Wednesday, July 25, 2012

Natural gas futures price down july 25 2012

Natural gas futures price down july 25 2012 : Natural gas futures were down for the first time in six days during U.S. morning trade on Wednesday, as investors sold positions to lock in gains from an impressive rally that took prices to a seven-month top in the previous session. Investors also looked ahead to Thursday’s closely-watched U.S. government report on natural gas supplies.

On the New York Mercantile Exchange,
natural gas futures for delivery in August traded at USD3.117 per million British thermal units during U.S. morning trade, dropping 1.7%.

It earlier fell by as much as 1.8% to trade at a session low of USD3.110 per million British thermal units. The front-month contract rallied to USD3.194 on Tuesday, the highest since December 28, 2011.

The August contract is due to expire at the end of trading on Friday, July 27.

Meanwhile, the more actively traded contract for September delivery tumbled 2.2% to trade at USD3.106 per million British thermal units. The September contract fell by as much as 2.4% earlier to trade at a session low USD3.101.

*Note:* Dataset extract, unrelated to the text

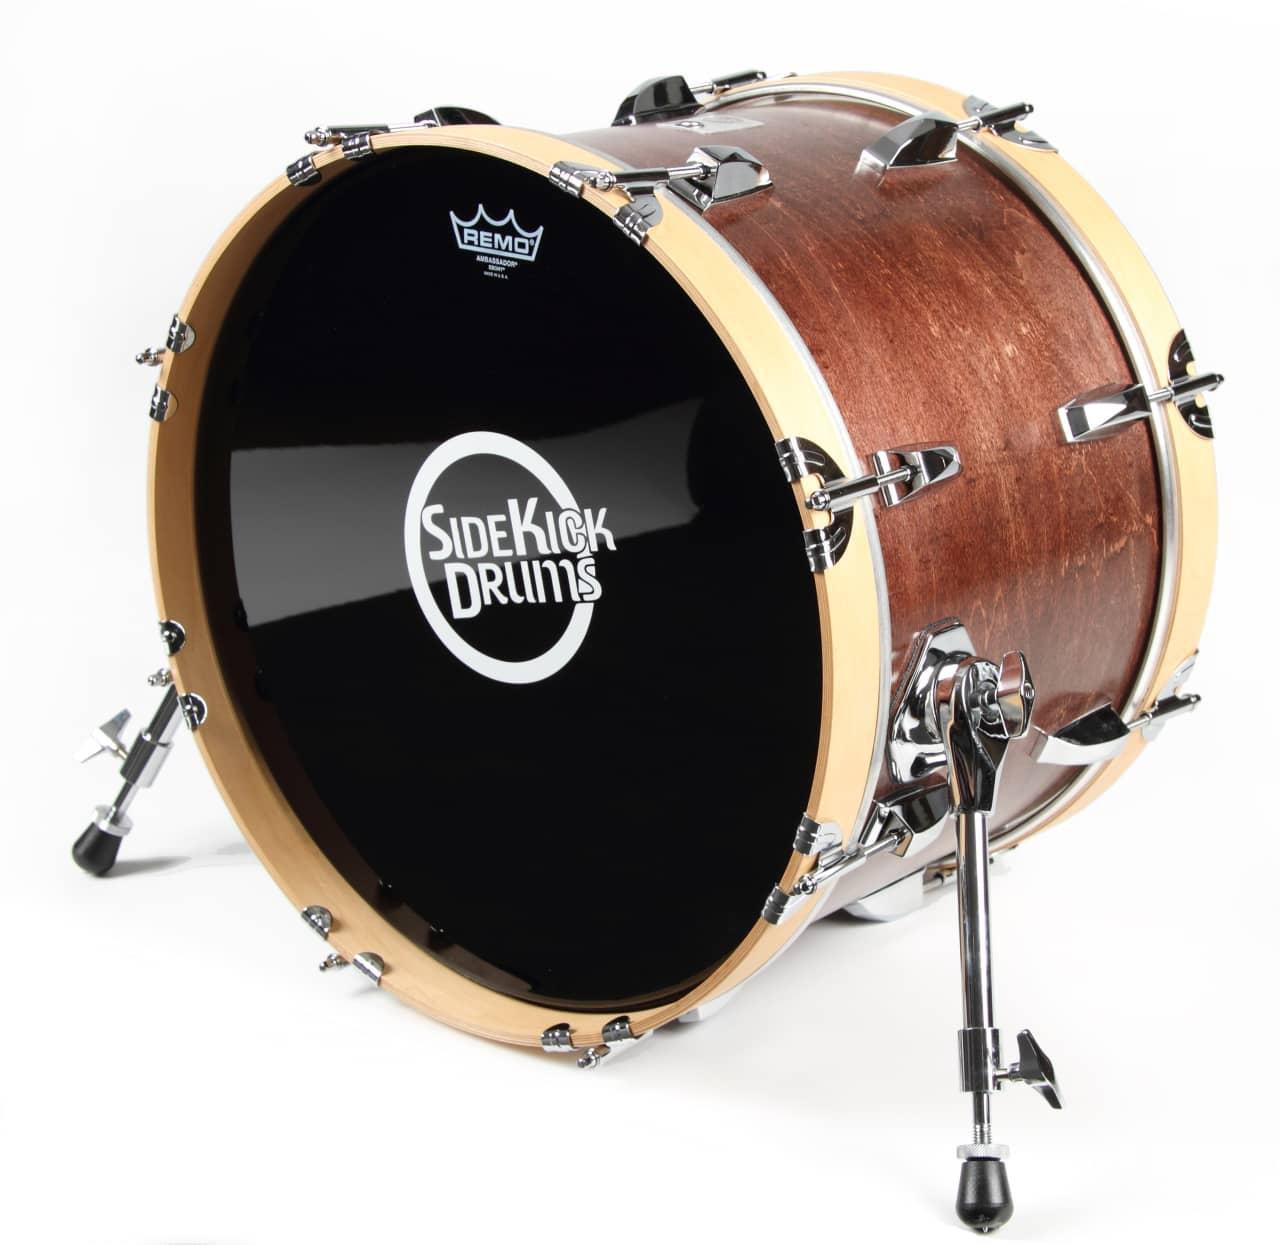 side kick drums travel bass drum 12 x18 2017 red reverb. Black Bedroom Furniture Sets. Home Design Ideas

A bout of hot weather across much of the country over the last several weeks helped boost natural gas prices. Spot prices have rallied nearly 45% in the past five weeks, as extreme heat conditions across the U.S. boosted cooling demand for the fuel.

The recent gains helped push natural gas futures into positive territory for 2012. The fuel is now up 4.5% in 2012. Concerns over bloated inventories and weak winter demand dragged prices down to a decade low of USD1.907 per million British thermal units on April 19.

The National Weather Service's six-to-ten-day outlook issued on Monday called for above-normal temperatures for much of the eastern two-thirds of the nation.

Warmer-than-normal temperatures increase the need for gas-fired electricity to power air conditioning, boosting demand for natural gas. Natural gas accounts for about a quarter of U.S. electricity generation.

But the sharp gains prompted investors to sell positions to lock in profits, amid ongoing concerns over elevated U.S. storage levels.

Market players shifted their focus to the U.S. Energy Information Administration’s closely-watched weekly report on natural gas inventories scheduled for Thursday.

Early injection estimates range from 21 billion cubic feet to 50 billion cubic feet, compared to last year's build of 48 billion cubic feet. The five-year average change for the week is an increase of 61 billion cubic feet.

Total U.S. gas supplies stood at 3.163 trillion cubic feet last week, 19.2% above last year's level and 17.5% above the five-year average level for that week.

U.S. gas inventories did not hit the milestone 3 trillion cubic feet level until August 31 of last year. Stocks peaked last year in November at a record 3.852 trillion cubic feet.

Market analysts have warned that without strong demand through the rest of the summer, gas inventories will reach the limits of available capacity later this year.

The storage surplus to last year will have to be cut by at least another 260 billion cubic feet in the 17 weeks left before winter withdrawals begin to avoid breaching the government's 4.1 trillion cubic feet estimate of total capacity.

From a technical standpoint, market participants noted that prices have further room to move higher after futures closed above the key USD3.00-level for the first time since January.

The USD3.00-level is psychologically important to some traders, who see that price as the point at which power plants will begin switching from natural gas to coal.

Speculation that utility providers in the U.S. were switching from pricier coal to cheaper natural gas helped boost prices off a 10-year low of USD1.902 hit in mid-April.

Elsewhere on the NYMEX, light sweet crude oil futures for delivery in September dipped 0.15% to trade at USD88.36 a barrel, while heating oil for August delivery shed 0.3% to trade at USD2.815 per gallon

U.K. natural gas gained as imports from Norway declined, tightening supplies into the network.

Within-day gas rose for a second day, climbing as much as 2.5 percent to 54.8 pence a therm in London, according to broker prices compiled by Bloomberg. August gas added 0.6 percent to 53.7 pence a therm. That’s equivalent to $8.31 per million British thermal units and compares with $3.072 per million Btu for front-month U.S. gas.